▶ **TASK PROMPT**:
Take nothing but the lines from the one with "28 01 2019 Kyiv gazety dzynsa poroshenko4" through the one with "schwarzen Perlen einen" in the entries below, both ends kept, and return them exactly with pictures left out.

═════ SUPPLIED MATERIAL ═════

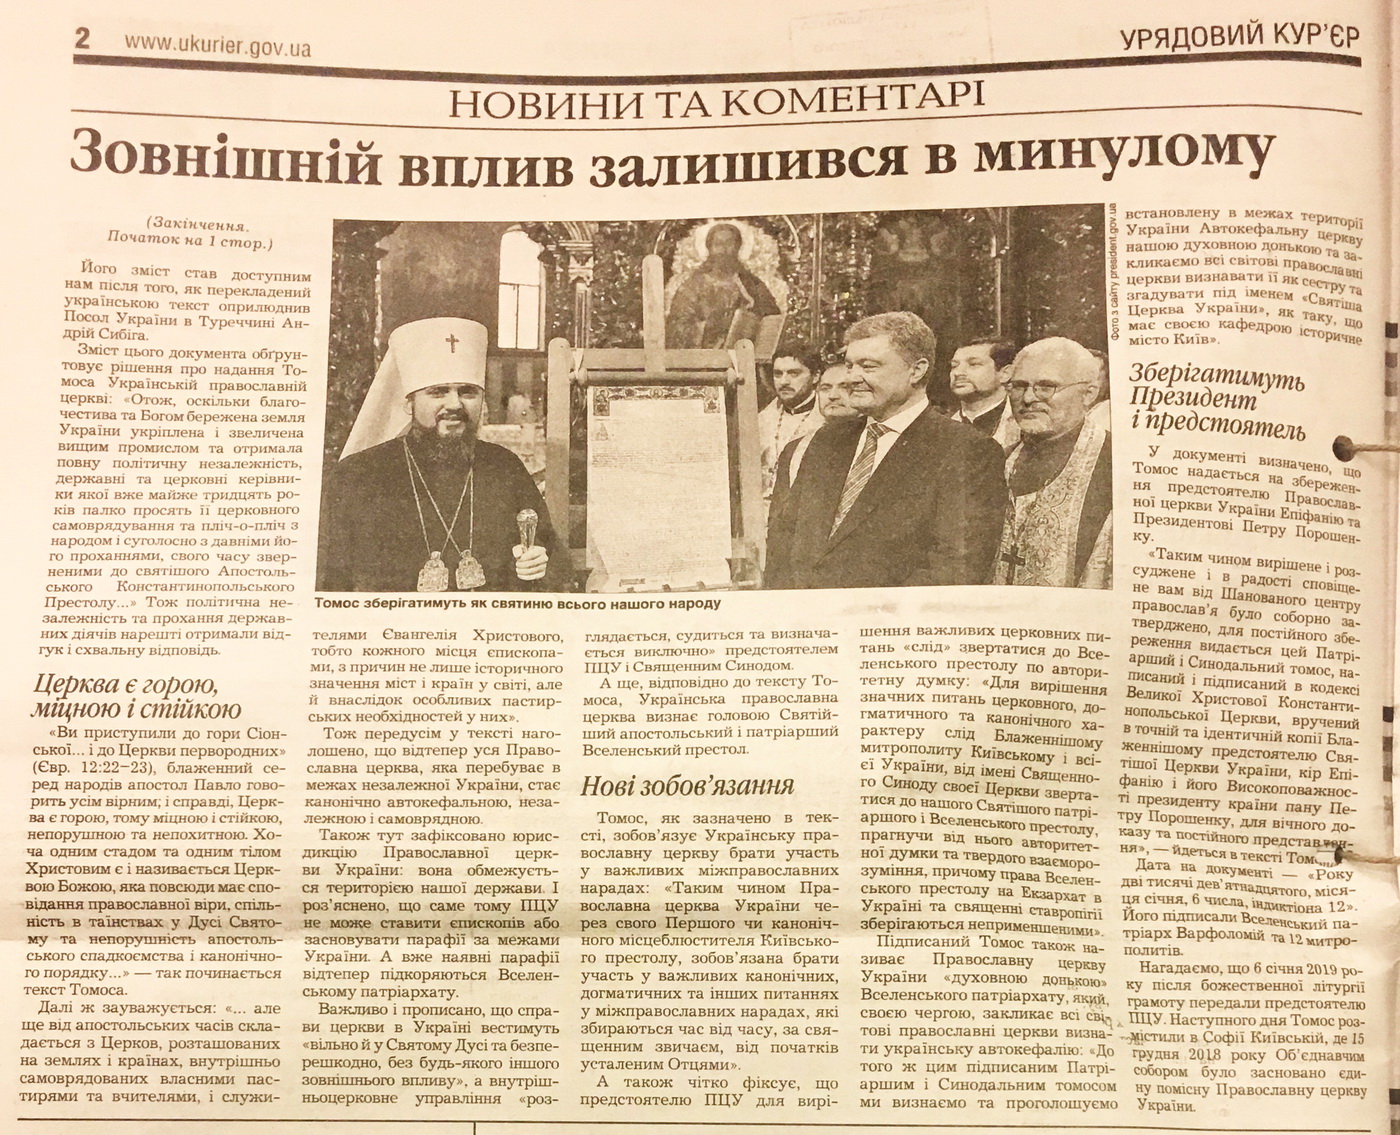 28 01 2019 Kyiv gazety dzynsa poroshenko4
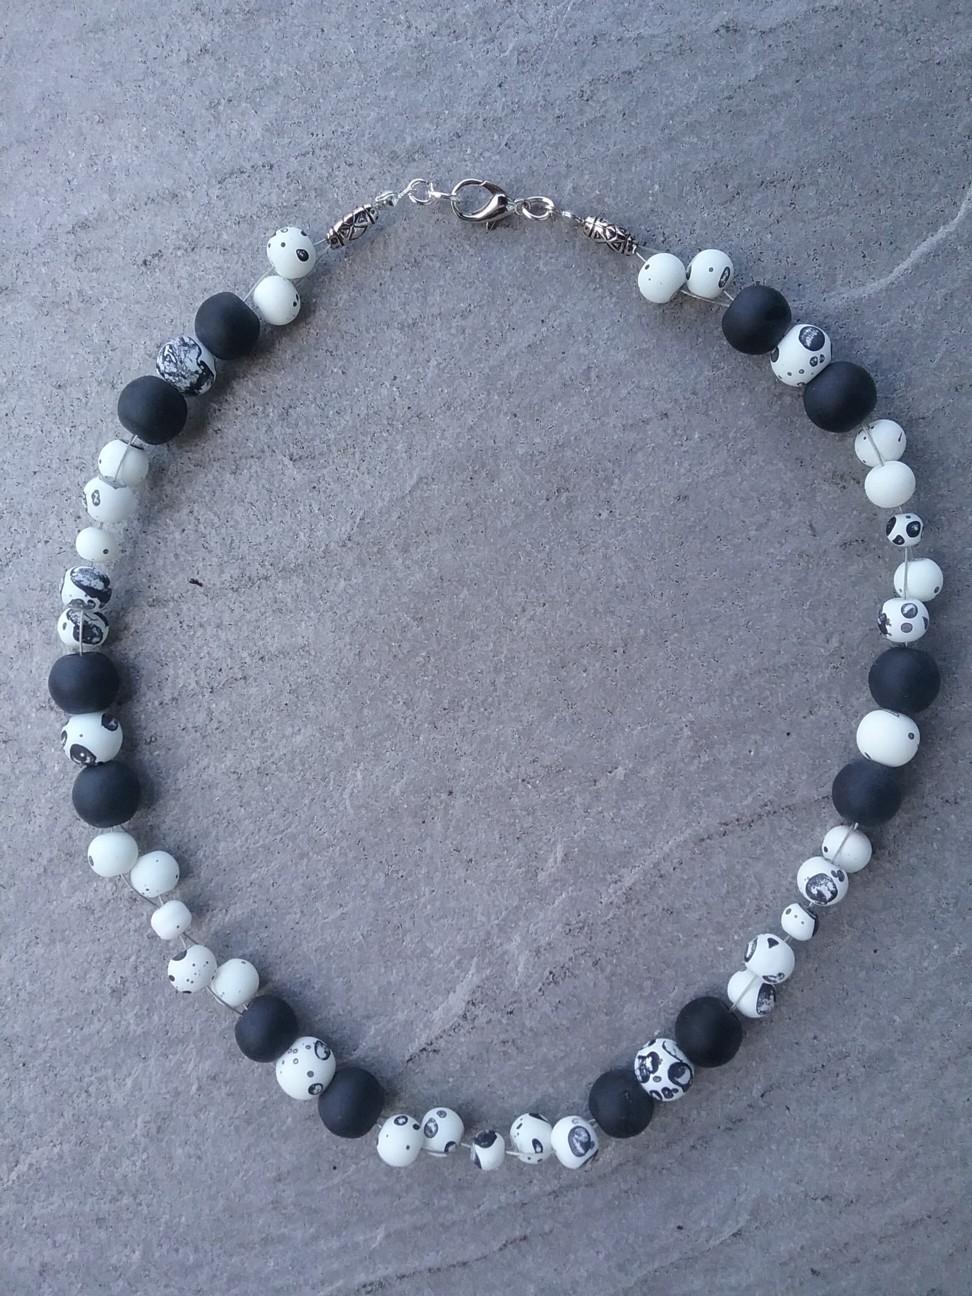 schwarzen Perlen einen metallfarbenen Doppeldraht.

═════
═════ SUPPLIED MATERIAL ═════

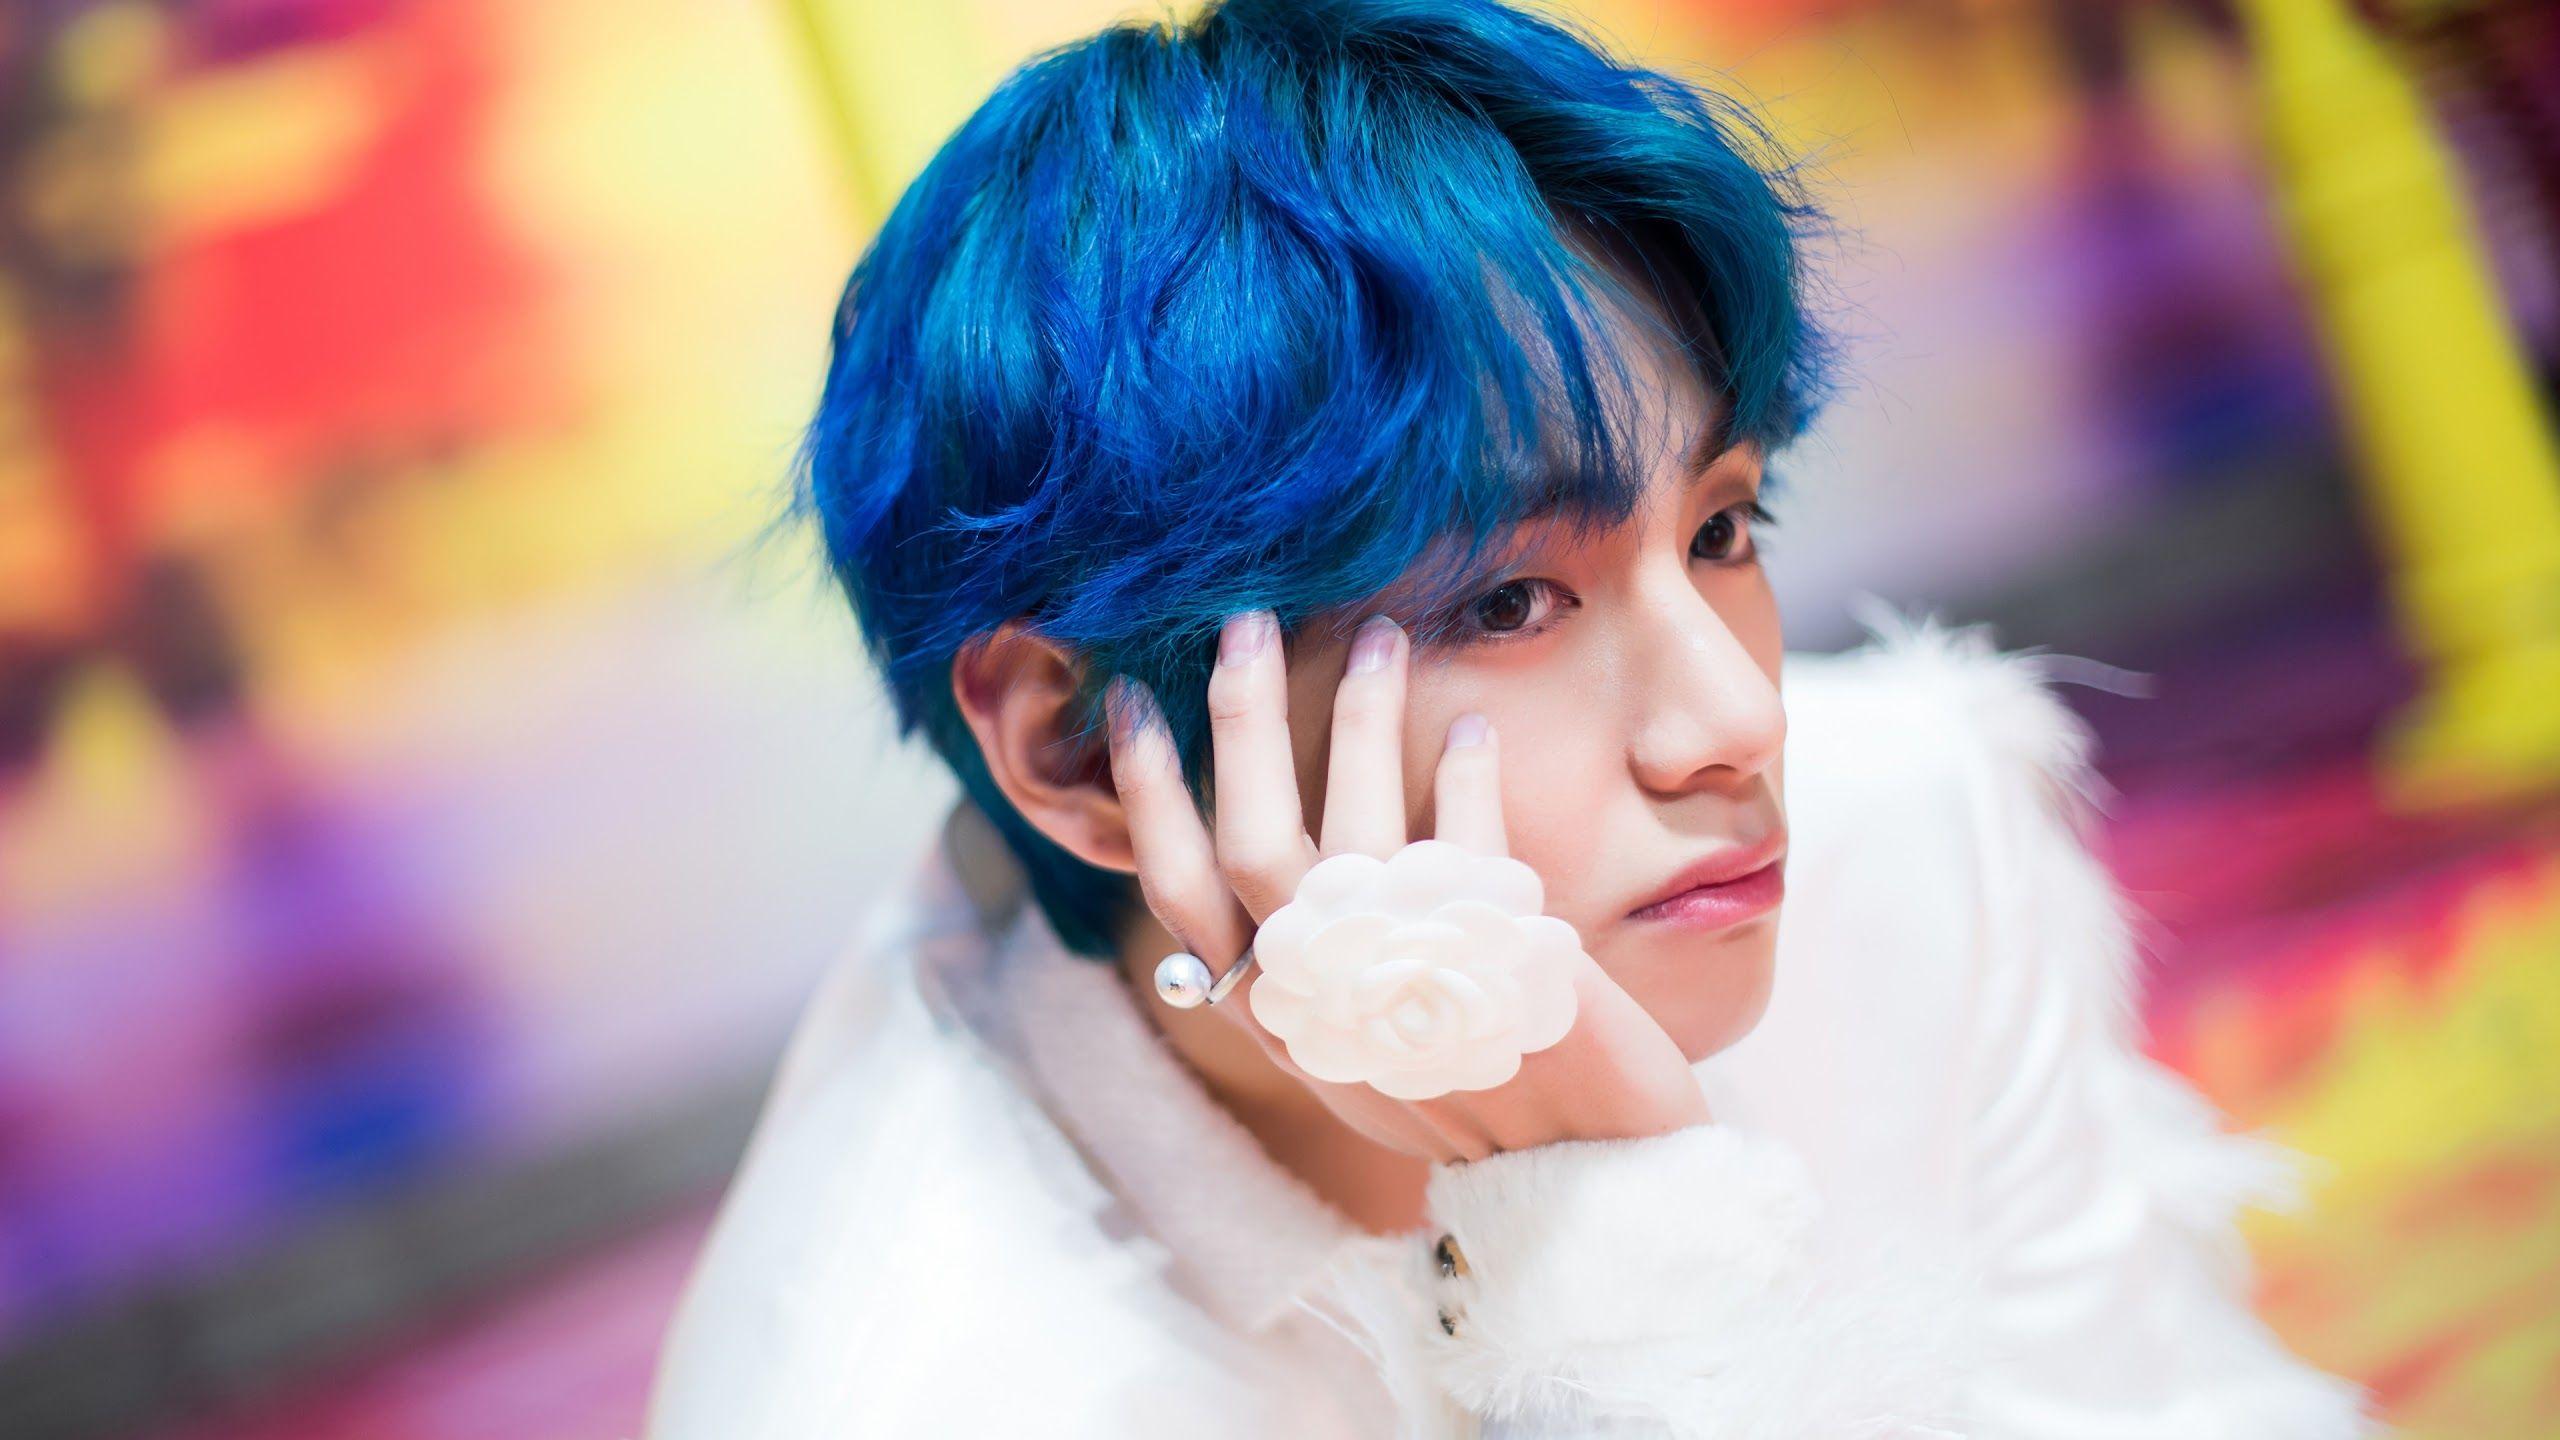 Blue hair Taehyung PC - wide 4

═════
═════ SUPPLIED MATERIAL ═════

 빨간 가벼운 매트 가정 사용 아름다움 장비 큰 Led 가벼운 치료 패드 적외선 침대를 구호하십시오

═════

▶ **ANSWER SECTION**:
 28 01 2019 Kyiv gazety dzynsa poroshenko4
 schwarzen Perlen einen metallfarbenen Doppeldraht.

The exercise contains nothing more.